A National Council for Palliative Care report says the government should look into the "feasibility" of statutory leave from work after a loved one dies.

And it calls on all employers to tell workers what help they are entitled to.

A survey commissioned by the charity found 32% of people bereaved in the last five years felt their employer did not treat them with compassion.

The report, produced in partnership with the Dying Matters Coalition, says 87% of people surveyed felt all employers should have a "compassionate employment policy" including paid bereavement leave, flexible working and other support.

Email from HR

In the survey, carried out by ComRes, 56% said they would consider resigning if their employer did not provide proper support if someone close to them died.

Start Quote

When you lose someone you really need support and understanding”

End Quote Linda Sewell

Elaine resigned from a large accountancy firm after her husband died suddenly in 2007.

"I was given five days off and then took some holiday," she told BBC News.

"Because it was a sudden death there was lots to go through. I had to identify his body, there was a post mortem and a funeral to arrange so five days was never going to be enough."
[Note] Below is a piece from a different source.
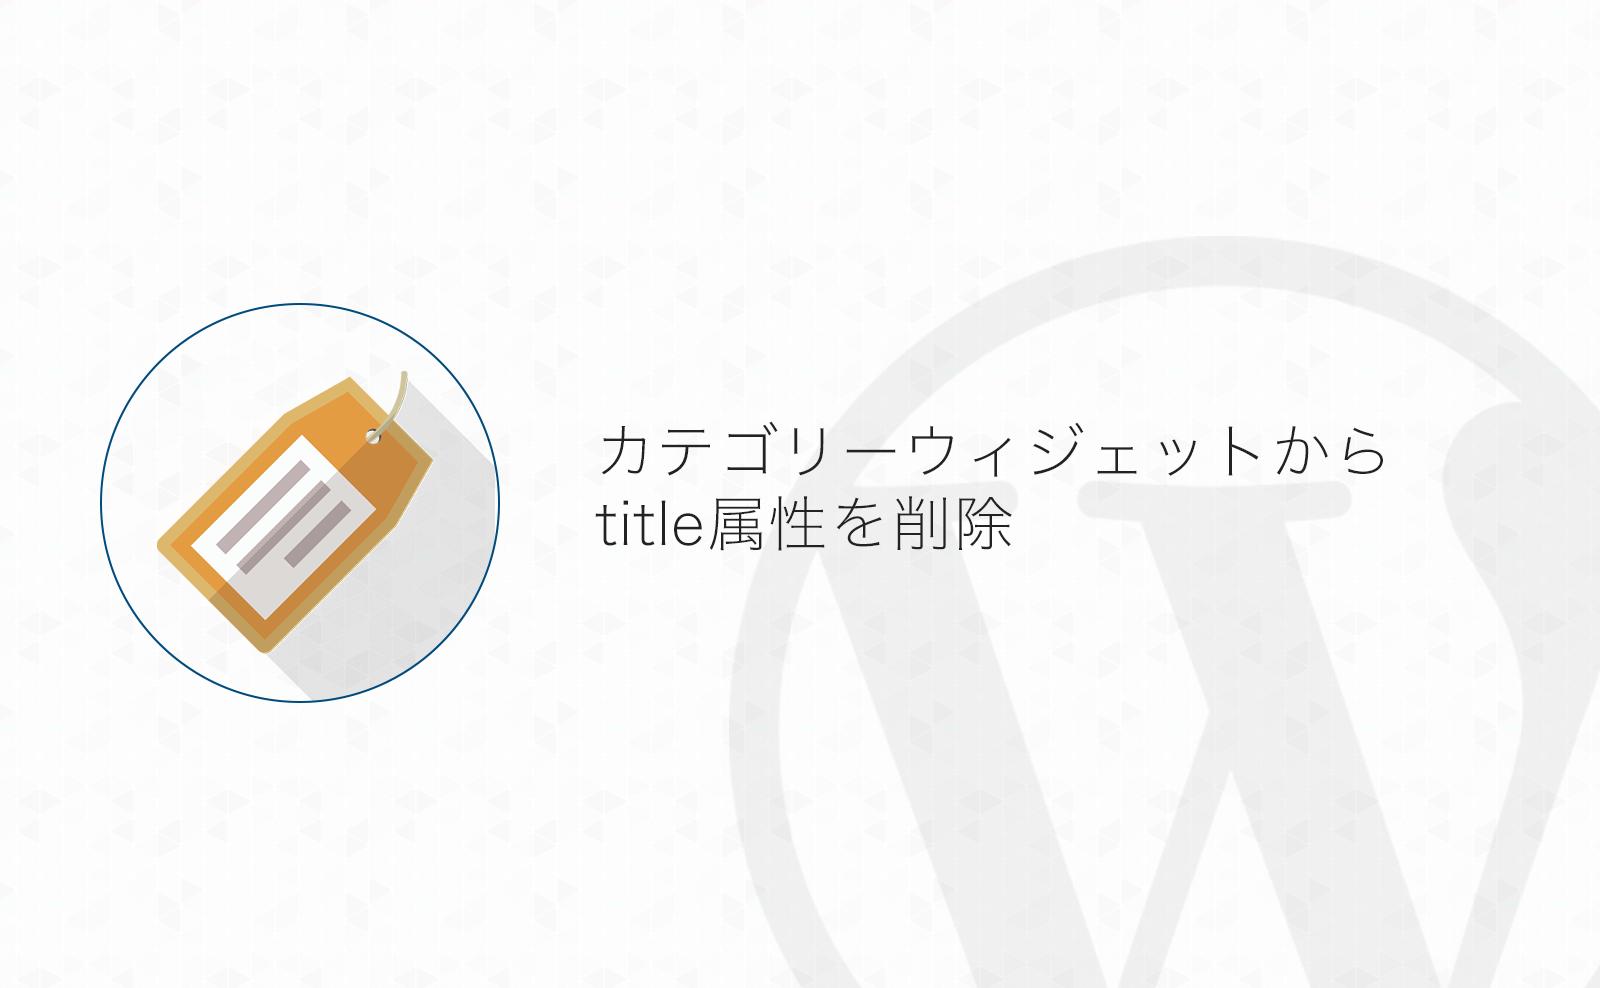 【WordPress】カテゴリーウィジェットのリンクからtitle属性を削除する方法

After less than six months back at work she says received an email from the firm's HR department suggesting she "should be able to put it behind" her and "get back to some work at the pace we expect".

There is currently no statutory paid bereavement leave, although workers have the right to "reasonable" unpaid time off to deal with practicalities such as organising a funeral.

"The costs of bereavement are too great to ignore, both for individuals and for society," said Eve Richardson, chief executive of the National Council for Palliative Care, which is an umbrella charity for all those involved in palliative, end of life and hospice care in England, Wales and Northern Ireland.

"Employers have an important role to play by being compassionate and having a bereavement policy in place.

"It is also often the little things that matter and help make a difference, such as kind words from a manager or a card to say we are thinking of you."

'Stripped confidence'

The report also calls for improved training for all staff who come into regular contact with recently bereaved people, and a national review of the impact of welfare reforms on bereaved people.

Linda Sewell, a supporter of the bereavement charity Jack's Rainbow, resigned from her job at an independent school when her 19-year-old son died while travelling in 2008.

She said: "My employer stopped paying me - it stripped away my self-confidence. When you lose someone you really need support and understanding."

Lucy Herd, who founded the charity after her young son died in August 2010 has been campaigning for statutory bereavement leave.

"It's completely unrealistic to expect people who have lost someone close to them to immediately go back to work and carry on as normal," she said.

But Petra Wilton, from the Chartered Management Institute, said: "A one-size-fits-all statutory entitlement is not the solution.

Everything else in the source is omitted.